In den Fernsehnachrichten von Berlin-Brandenburg am Samstagabend war er die erste Meldung – auch für seine Feuerwehrkollegen ist er die Nummer eins: Feuerwehrmann Kai Eichler hat mit seinem Protestmarsch nach Berlin die Kritik der Feuerwehrleute von „BerlinBrennt“ unterstützt.

Dieser Ultramarathon – 455 Kilometer zu Fuß in der 35-Kilo-Feuerwehrausrüstung – ist der persönliche Rekord für den unermüdlichen Feuerwehrmann. „So weit bin ich in Montur noch nie gelaufen“, sagt er am Ende des Gewaltmarschs. „Laufen geht, muskulär habe ich nichts – und die Blasen, naja, die heilen wieder. Ich bin zufrieden mit allem.“

Eichler (links) wird von Kameraden in Berlin herzlich begrüßt.
Eichler (links) wird von Kameraden in Berlin herzlich begrüßt. (Foto: Eichler)

Begonnen hat der für seine Laufrekorde bekannte Immenstaader auf dem Trimm-Dich-Pfad beim Sportzentrum Forstwiesen. Zwölf Tage am Stück wollte Kai Eichler von 6 bis 16 Uhr auf dem Trimm-Dich-Pfad seine Runden drehen, täglich unglaubliche 50 Kilometer. Am Ende sollte – bis auf die letzte Etappe – rechnerisch so die Strecke bis nach Berlin zusammenkommen.

„Das war eine neue Erfahrung für mich. So lange am Stück bin ich ja noch nie gelaufen“, sagt Eichler. Nicht die sportliche Leistungsfähigkeit war das Problem – es waren die Blasen, die sich bei dieser starken Beanspruchung bildeten. Am Ende musste Eichler ein paar Kilometer abzwacken und seinen Füßen etwas Erholung gönnen, um die letzte Etappe von Frankfurt/Oder zum Roten Rathaus mit Bravour durchstehen zu können.

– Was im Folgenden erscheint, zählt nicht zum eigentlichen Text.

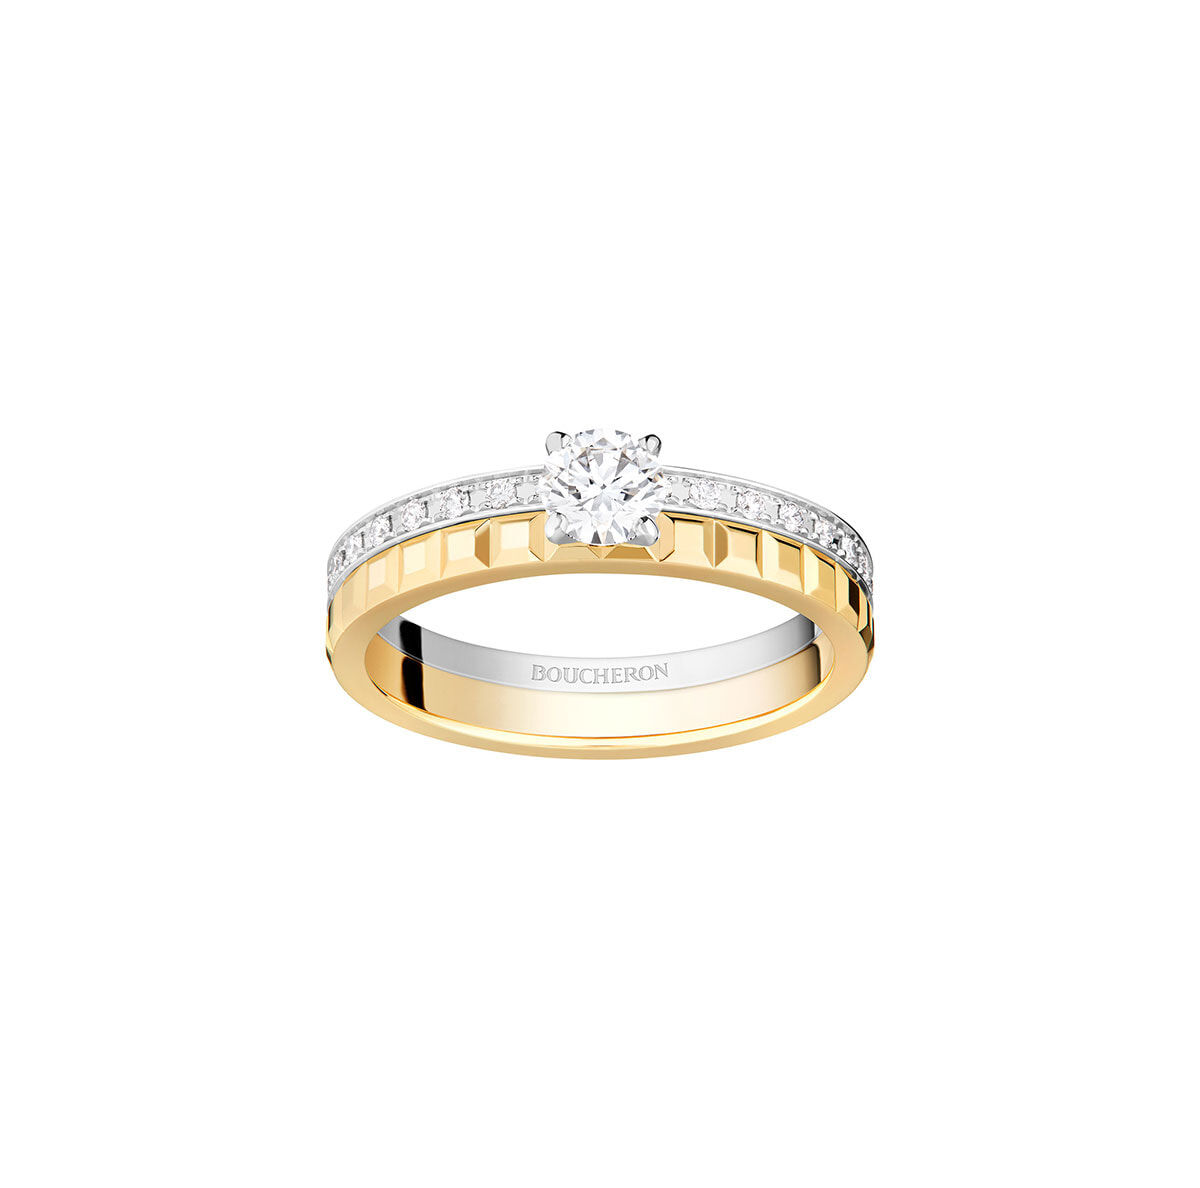 240126_1_Engagement-Ring-Quatre-Radiant-Edition-clou,-set-with-a-round-cut-diamond,-paved-with-diamonds,-in-yellow-and-white-gold.jpg

Um Mitternacht geht es los

Am Samstag, 9. März, um 0 Uhr startete Eichler wie geplant in der Stadt, in der er aufgewachsen war: Frankfurt/Oder. Seine Ehefrau Doreen Eichler begleitete ihn und seinen Freund Salvatore Roberto dorthin. Auch ein Feuerwehrkollege aus der Schweiz war angereist, um mitzulaufen. Auf den 94 Kilometern zu Fuß bis nach Berlin gingen ständig Kameraden der Feuerwehren, die er passierte, etappenweise mit ihm auf den Weg. „In Erkner war auch der Bürgermeister beim Empfang dabei. Als dann noch alle Sirenen heulten, das war vielleicht emotional. Ich war den Tränen nahe. Das ging unglaublich unter die Haut“, sagt Eichler.

So weit bin ich in Montur noch nie gelaufen.

Die Kollegen in Berlin hatten eine mobile Demo angemeldet, sodass der Marsch zum Roten Rathaus ab Stadtgrenze Berlin von der Polizei abgeriegelt und begleitet wurde. In der Nähe des Rathauses kam dann eine Motorradeskorte hinzu. „Wir sind mitten auf der Straße gelaufen. Das habe ich so noch nie erlebt.“ Etwas in Verlegenheit brachte Eichler seine Feuerwehrkollegen dadurch, dass er schneller unterwegs war als geplant und 1,5 Stunden früher eintraf. „Aber es war alles wunderbar, wie sie mich empfangen haben.“

17 Stunden und 23 Minuten dauerte der 94-Kilometer-Marsch Richtung Berlin. Das alles, um den gemeinnützigen Verein „BerlinBrennt“ von Berliner Feuerwehrleuten zu unterstützen. Nach Jahren der Sparpolitik sieht sich die Feuerwehr dort an die Grenzen ihrer Leistungsfähigkeit gebracht und fordert mehr Unterstützung von der Politik. „Wenn ich dafür etwas Aufmerksamkeit schaffen konnte durch meinen Marsch, habe ich mein Ziel erreicht“, sagt der Ultra-Marathonläufer, der in Frankfurt/Oder und Berlin früher als Feuerwehrmann gearbeitet hat.

Heute ist er nicht nur hauptamtlich bei der Werksfeuerwehr von Rolls-Royce Power Systems in Friedrichshafen tätig, sondern auch ehrenamtlich bei der Freiwilligen Feuerwehr Immenstaad. Aber bevor es dorthin zurückgeht, ist nach diesem Marsch erst noch eine Woche Urlaub in der alten Heimat angesagt. „Ich habe momentan kein neues Laufprojekt geplant – aber man soll ja nie nie sagen“, sagt Eichler.